DATA_DIR="path/to/data"
python assessment_plan_modeling/ap_parsing/data_gen_main.py \
  --input_note_events="${DATA_DIR}/notes.csv" \
  --input_ratings="${DATA_DIR}/all_model_ratings.csv" \
  --output_path="${DATA_DIR}/ap_parsing_tf_examples/$(date +%Y%m%d)" \
  --vocab_file="${DATA_DIR}/sample_vocab.txt" \
  --section_markers="assessment_plan_modeling/note_sectioning/mimic_note_section_markers.json" \
  --n_downsample=100 \
  --max_seq_length=2048

Model Training

Model training is configurable by yaml as described in the TensorFlow model garden repository.

Test Run

Using dummy data, should complete in several seconds on CPU.

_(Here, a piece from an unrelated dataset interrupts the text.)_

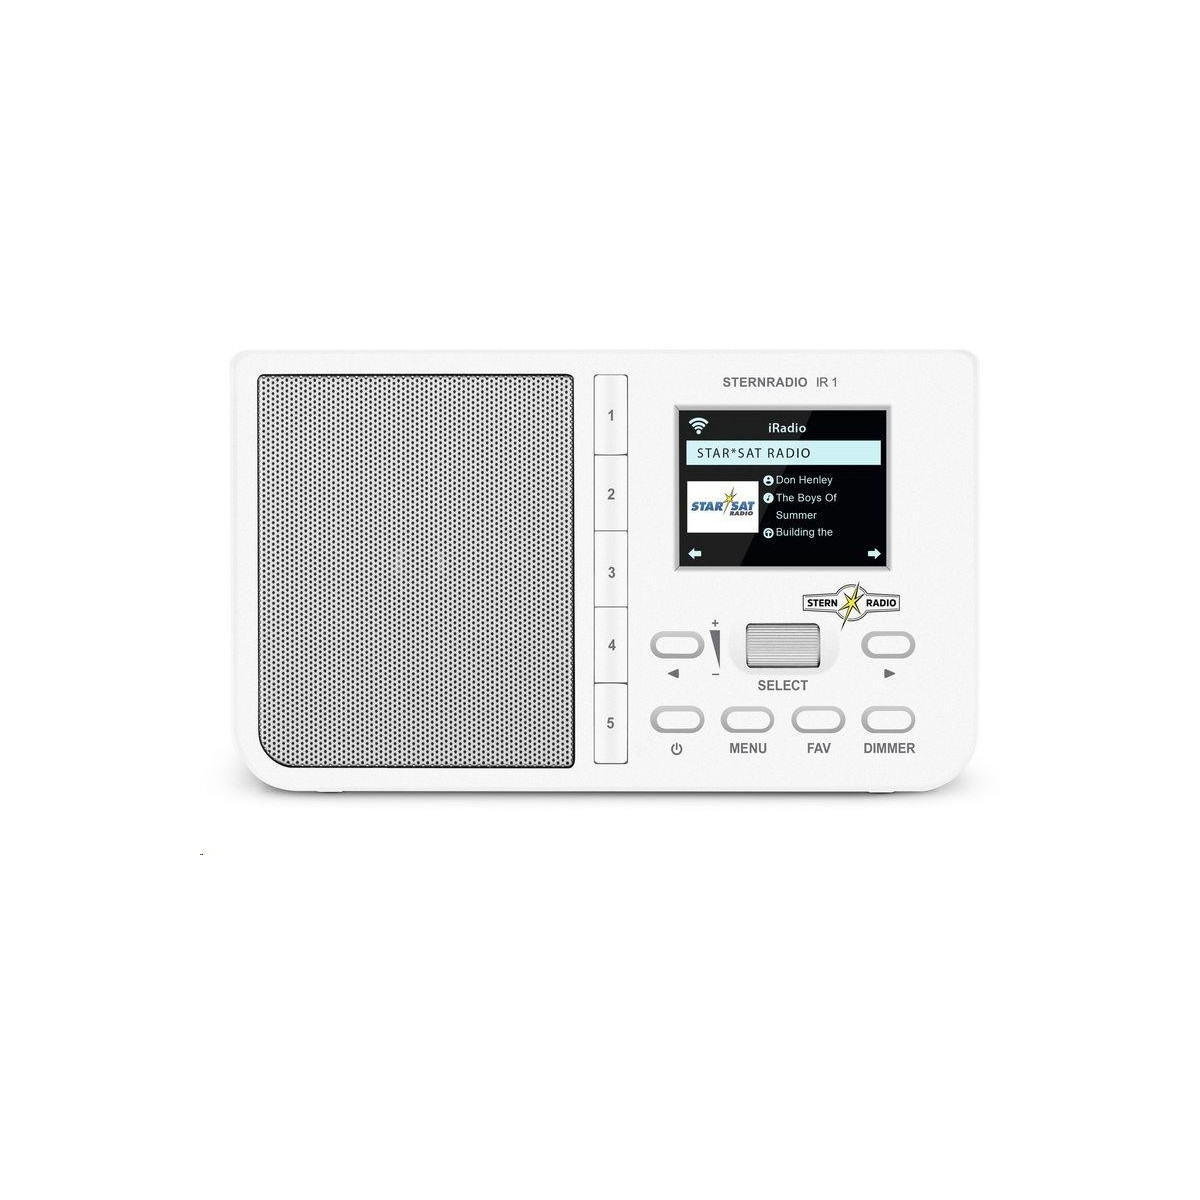 TechniSat STERNRADIO IR 1 Bílé - Kvalitní Rádio pro Každého - Nejlepší nabídka na trhu

MODEL_DIR="/tmp/test_model_$(date +%Y%m%d-%H%M)"
WORK_DIR="$PWD/assessment_plan_modeling/ap_parsing"
EXP_TYPE="ap_parsing"
CONFIG_DIR="${WORK_DIR}/configs"
python ${WORK_DIR}/train.py \
  --experiment=${EXP_TYPE} \
  --config_file="${CONFIG_DIR}/local_example.yaml" \
  --mode=train \
  --model_dir=${MODEL_DIR} \
  --alsologtostderr

Full Run

Running on a single V100 GPU, this should take approximately 2 hours.

MODEL_DIR="/tmp/model_$(date +%Y%m%d-%H%M)"
WORK_DIR="$PWD/assessment_plan_modeling/ap_parsing"
EXP_TYPE="ap_parsing"
CONFIG_DIR="${WORK_DIR}/configs"
DATA_DIR="/path/to/tfrecords"

TRAIN_DATA="${DATA_DIR}/train_rated_nonaugmented.tfrecord*"
VAL_DATA="${DATA_DIR}/val_set.tfrecord*"
PARAMS_OVERRIDE="task.use_crf=true"
PARAMS_OVERRIDE="${PARAMS_OVERRIDE},task.train_data.input_path='${TRAIN_DATA}'"
PARAMS_OVERRIDE="${PARAMS_OVERRIDE},task.validation_data.input_path='${VAL_DATA}'"
PARAMS_OVERRIDE="${PARAMS_OVERRIDE},trainer.train_steps=5000"

python ${WORK_DIR}/train.py \
  --experiment=${EXP_TYPE} \
  --config_file="${CONFIG_DIR}/base_ap_parsing_model_config.yaml" \
  --config_file="${CONFIG_DIR}/base_ap_parsing_task_config.yaml" \
  --params_override=${PARAMS_OVERRIDE} \
  --mode=train_and_eval \
  --model_dir=${MODEL_DIR} \
  --alsologtostderr

Inference and Evaluation

Inference and evaluation libraries are supplied as is.